本来届けたかった「Webライター トライアル」を打ち込んでエンター。

すると、信じられない光景が目の前に。

なんと、自分の記事が検索1ページ目の、しかも上から4番目に鎮座していたのです。

その堂々たる姿やいなや。

自分が生み出した記事の健闘ににやにやが止まりませんでした。

おおっ。と、それは声に上げるほどびっくりしました。

原因を調べてみると、サチコのデータは過去の蓄積であるため、実際の検索順位がデータとして反映されるまでにはタイムラグがあるようです。
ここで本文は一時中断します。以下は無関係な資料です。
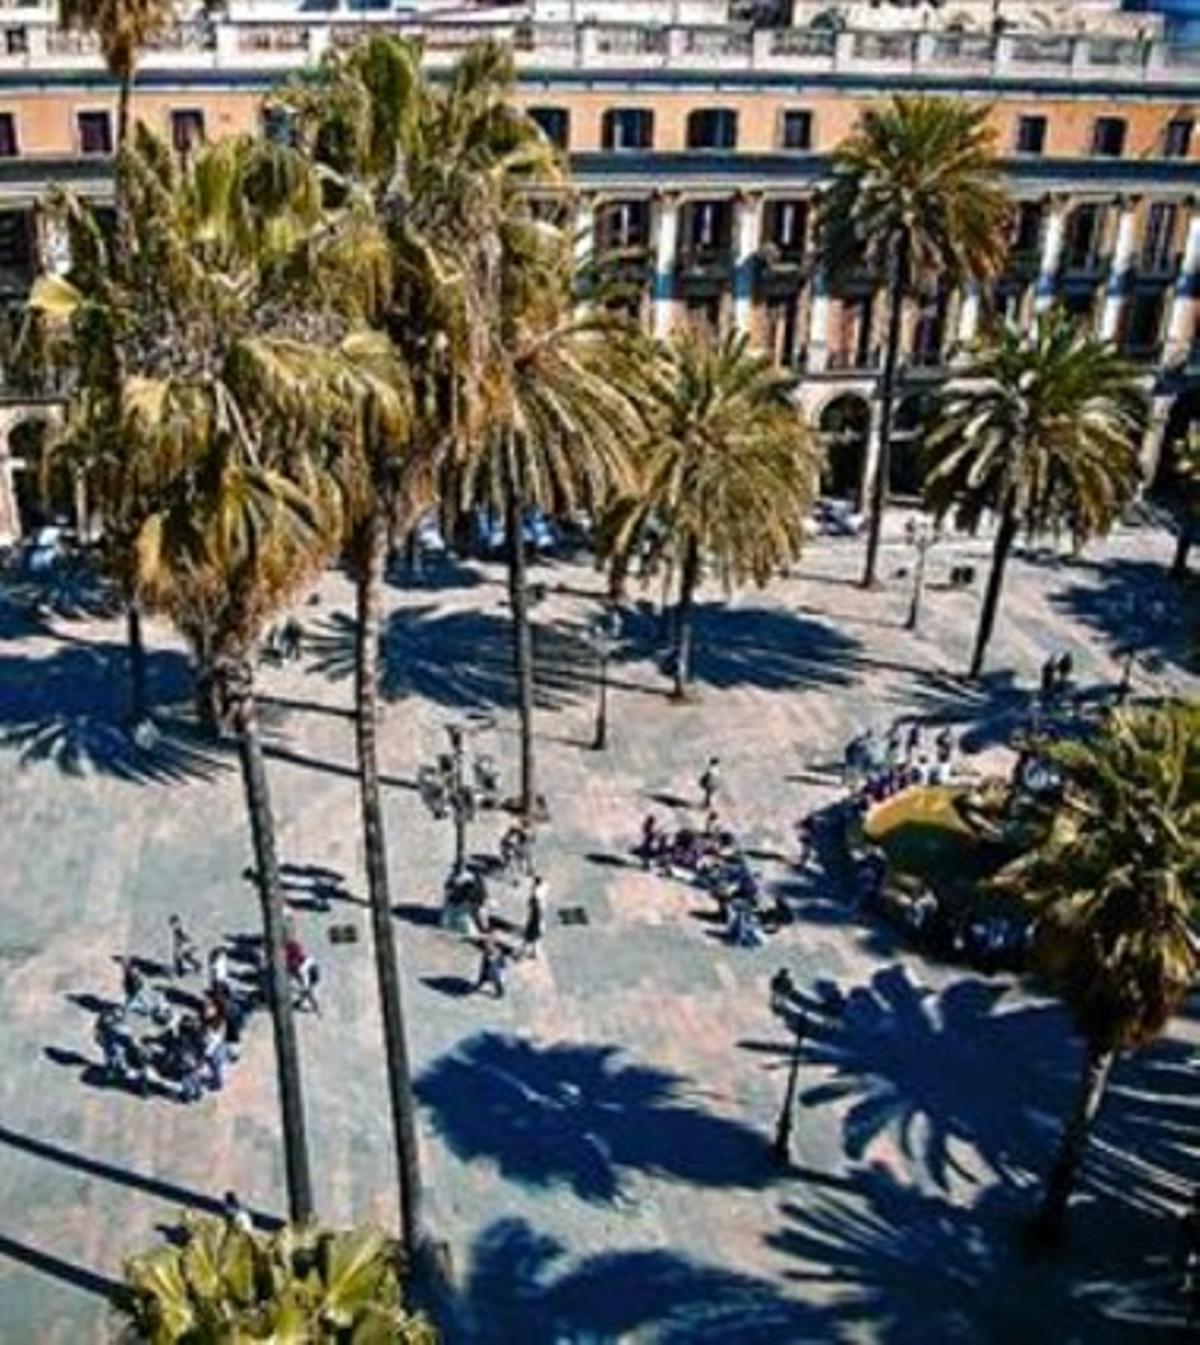 La plaza Reial vista desde la terraza del Hotel DO, el miércoles.

おそらく、公開直後は検索の奥底に沈んでいたこの記事が、時間をかけてGoogleが再評価。

つい最近になって上位へ浮上してきた結果なのではないか。

そんな結論に至りました。

いずれにせよ、1ページ目の4位という揺るぎない現実がそこにはありました。

なぜ、失敗談が上位を取れたのか?

検索結果の1ページ目の記事を見渡してみて、疑問に思ったことが一つ。

それは、自分の記事のすぐ下に、noteの素晴らしいノウハウ記事が表示されていたこと。
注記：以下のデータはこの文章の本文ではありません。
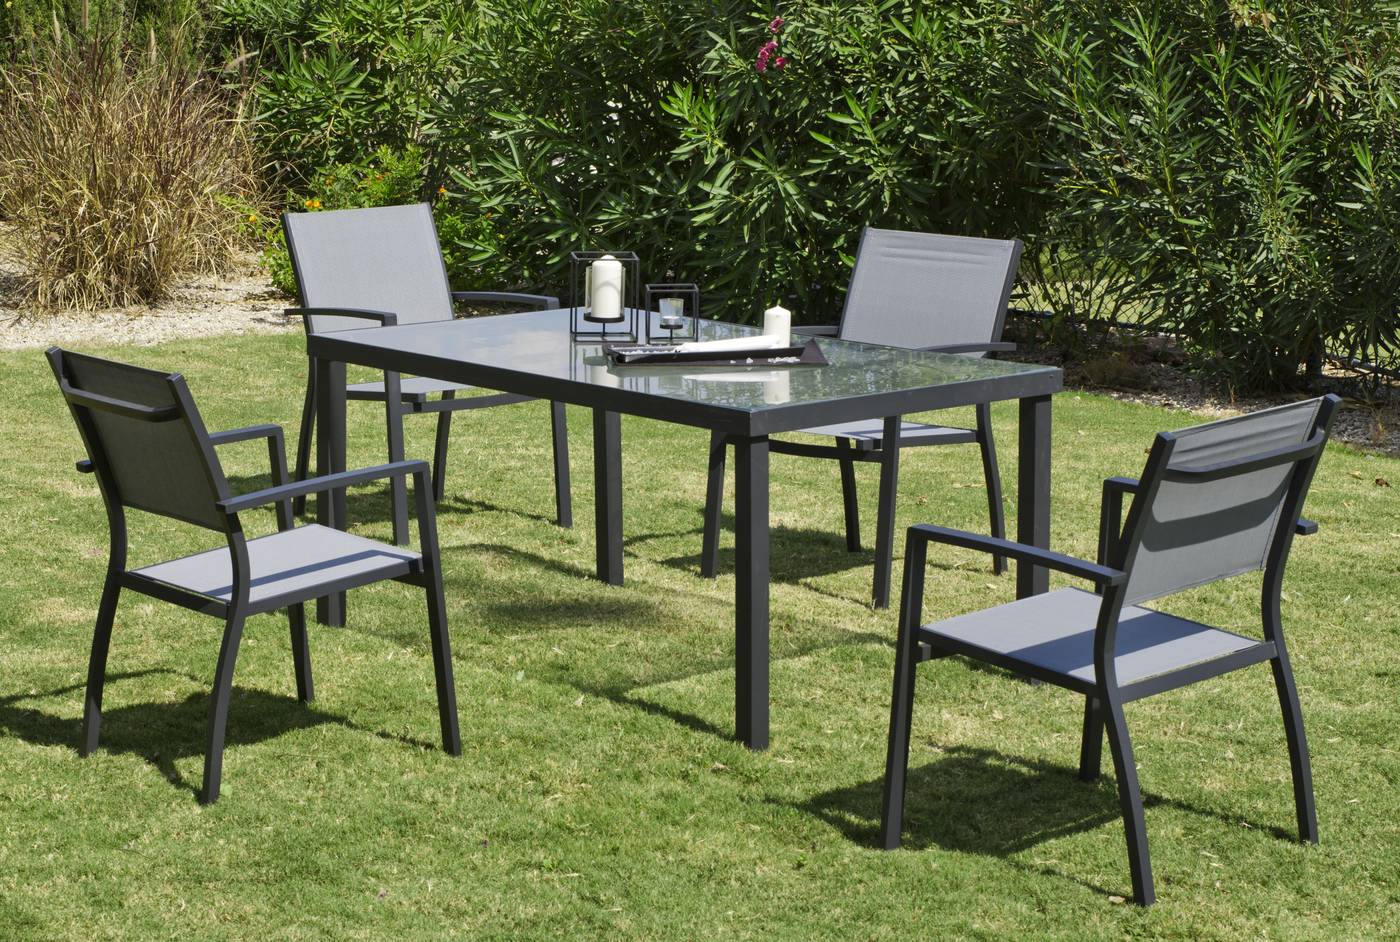 Conjunto de aluminio color antracita: mesa de 150 cm. + 4 sillones apilables de alumino y textilen

記事を確認すると、フォロワーも多く、たくさんの高評価が付いていました。

なぜ、無名の自分の記事が、人気noteよりも上に表示されたのか。

Googleが何を評価しているのか。

分析を進める中で、2つの仮説に行き着きました。

① AI時代に渇望される泥臭さ

ネット上には、AIで量産されたテンプレ記事が溢れかえっています。

そんな中で、Googleのアルゴリズムは「Experience(経験)」を優遇し始めているようです。

手が震えた。

記者の裏取りの習性が仇になった。

そんな自分の生々しい失敗談が、独自コンテンツの一次情報として評価されたのかもしれません。

② 「元新聞記者の挑戦」というブログ全体のテーマ性

noteの記事は、有益で素晴らしいノウハウが盛り込まれ、自分も参考にさせてもらいました。

記事単体で見ると、ノウハウと失敗談という違い。

では、媒体全体で見ると、どうか。

自分のブログのテーマの一つが、元新聞記者が未経験からフリーランスに挑む記録。

日々の葛藤や失敗を継続的に発信してきました。

検索エンジンは、記事単体だけでなく、メディア全体の内容を評価するという情報を目にしたことがあります。

一貫したテーマ性を評価してくれて順位が上がった?

まさにそのノウハウが体現されたかのように感じました。

終わりに

一つの記事をここまで詳細に分析したのは初めてでした。

表示順位はうれしかったですが、実際に読まれていないことも事実。

数字に一喜一憂し、改善していくのがライターの努めであり、やりがいです。

今回その手法を体感したのはとても良い経験になりました。

ただ、もう一つ再認識したことがあります。

それは、自分が書きたい、伝えたいと思ったことの大切さです。

もちろん、数字の成績が良く、多くの人に読んでもらえるに越したことはありません。

しかし、数字にこわだりすぎて、自分の軸を曲げるのは嫌だなとも思いました。

汗をかき、時に冷や汗を流した体験談を書き残す。

これはこれからも書き続けていきたい。

今度はそれを如何にして読んでもらえるのか。

ビッグキーワードには現状太刀打ちはできません。

現実的なのはロングテールキーワード。

その戦場でどう戦うか。

それが今後のブログ記事のカギになってくると思っています。